Я рожден, чтобы писать, но затрудняюсь объяснить неописуемые тяготы творчества, в том числе и физические, тем, кто предан исключительно пассивному удовольствию. Эти избранные чередуют обеды с охотой, обмен комплиментами - с концертами, беседы - с балами, за коими следуют полуночные забавы. Вы много читаете, Вы - самая образованная дама во Франции, впрочем, можно сказать, что Вы срываете книги, словно драгоценные ананасы в Вашей оранжерее, словно дары природы, результат неясного процесса, до которого Вам дела нет. Поскольку Вы (против моей воли) долгое время наблюдали меня вблизи, Вам в душу могло закрасться сомнение: книги, которые мы читаем, вероятно, кем-то написаны? В подобном случае Вы наверняка спросили себя:

неужели столь тонкие наблюдения, столь смелые мысли и столь редкая глубина суждений (повторяю Ваши же любезные слова) созрели и появились на свет, обрели выражение благодаря столь грубому существу, как я, коего иной раз хочется сравнить с животным?
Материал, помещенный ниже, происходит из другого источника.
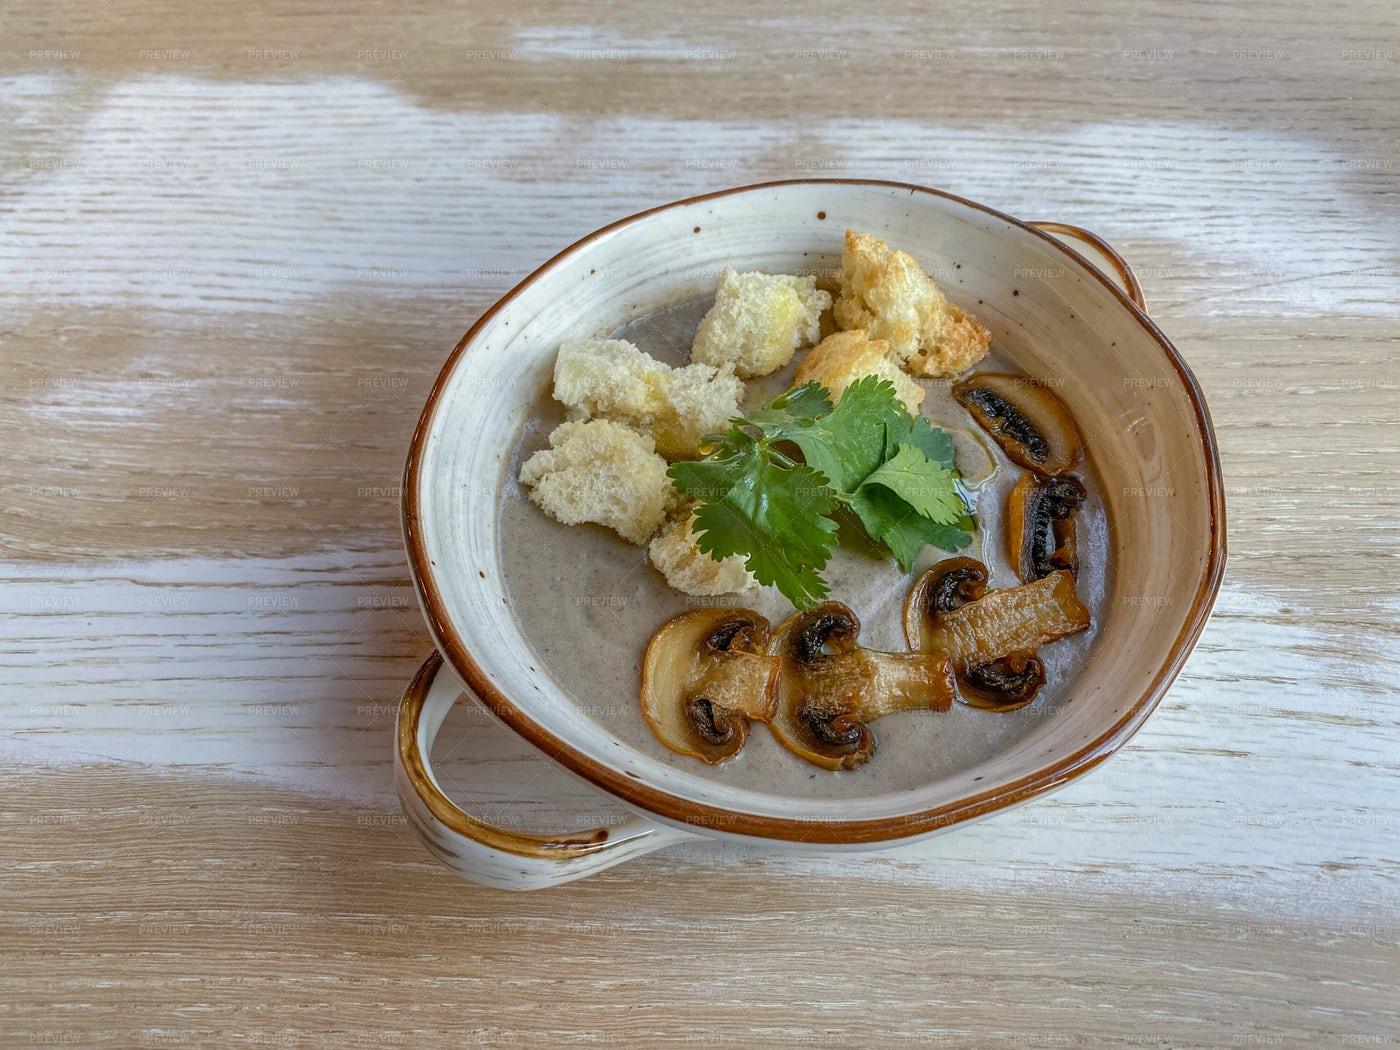 Cream Soup With Mushroom: Stock Photos

В тот единственный день, когда Вам удалось вырвать меня из драгоценного уединения и, упирающегося, притащить в салон, где, как помнится, гостям впервые подавали напиток под названием шоколад, Вы, представляя меня, употребили самые громкие эпитеты, самые щедрые похвалы, долженствующие вызвать восхищение Ваших гостей - разумеется, отблеск их восхищения падал на Вас. Так и дофин Людовик однажды приготовил гостям сюрприз: выступление двух обезьянок, присланных ему в дар каким-то индийским махараджей. В тот вечер среди приглашенных Вами гостей, маркиза, было новое светило парижского общества, юный виконт де Лон-гвиль - обходительный, благообразный, чрезвычайно изящный в своих кружевах, пеной ниспадавших между икрами и лодыжками, убранный старинными маменькиными драгоценностями. Во всяком его жесте сквозила вековая культура. Правы были его предки, устраивавшие резню во время четырех крестовых походов, раз в один прекрасный день плоды их трудов сосредоточились в таком отпрыске! Совершенно правы, когда с переменным успехом пытались вырвать то ли две, то ли три тысячи христиан из лап неверных! Еще как правы, когда, вернувшись домой, принялись лебезить перед первыми Людовиками и лизать им пятки, выпрашивали себе в награду по две или три тысячи крепостных с причитающимися угодьями! Битых полтора часа (неизвестно, сколько еще потом это продолжалось) виконт разглагольствовал и разорялся про физику и метафизику, нес галиматью и ерунду про Моисея, рассказывал любезным слушателям о своих тошнотворных открытиях, касающихся возникновения Вселенной (публика стонала от восхищения), не говоря уже о цитатах из известных ему вавилонских папирусов, которые относились к векам, когда папирусов не было и в помине. Я стал пятиться к широкому окну, вылез в него и убежал в поле, предательски улизнув с объявленного заранее "Диалога философов". Непростительная трусость с моей стороны. Согласен, сударыня. Поскольку тому есть немало свидетелей, простить ее еще труднее, чем то, что несколькими днями ранее я швырнул табуретку в Ваше сиятельство (и чуть не попал!), когда Вы поднялись ко мне в мансарду, чтобы прервать поток моих мыслей и пригласить сразиться в триктрак.